WHAT YOU WILL DO - From the records below, print exactly the lines starting at the one containing "Dimensions: D 60 x H 41 cm" and ending at the one containing "Lisette Rützou’s design", ends included, and nothing else.

RECORD SET -
------
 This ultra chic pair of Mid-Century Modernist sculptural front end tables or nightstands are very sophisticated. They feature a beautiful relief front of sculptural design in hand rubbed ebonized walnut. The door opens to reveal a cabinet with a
------
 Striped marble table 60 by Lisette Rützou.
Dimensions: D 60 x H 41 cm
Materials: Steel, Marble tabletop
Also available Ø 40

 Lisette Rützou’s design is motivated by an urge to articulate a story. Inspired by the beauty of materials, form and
------
SOLUTION TO THE PROBLEM -
Dimensions: D 60 x H 41 cm
Materials: Steel, Marble tabletop
Also available Ø 40

 Lisette Rützou’s design is motivated by an urge to articulate a story. Inspired by the beauty of materials, form and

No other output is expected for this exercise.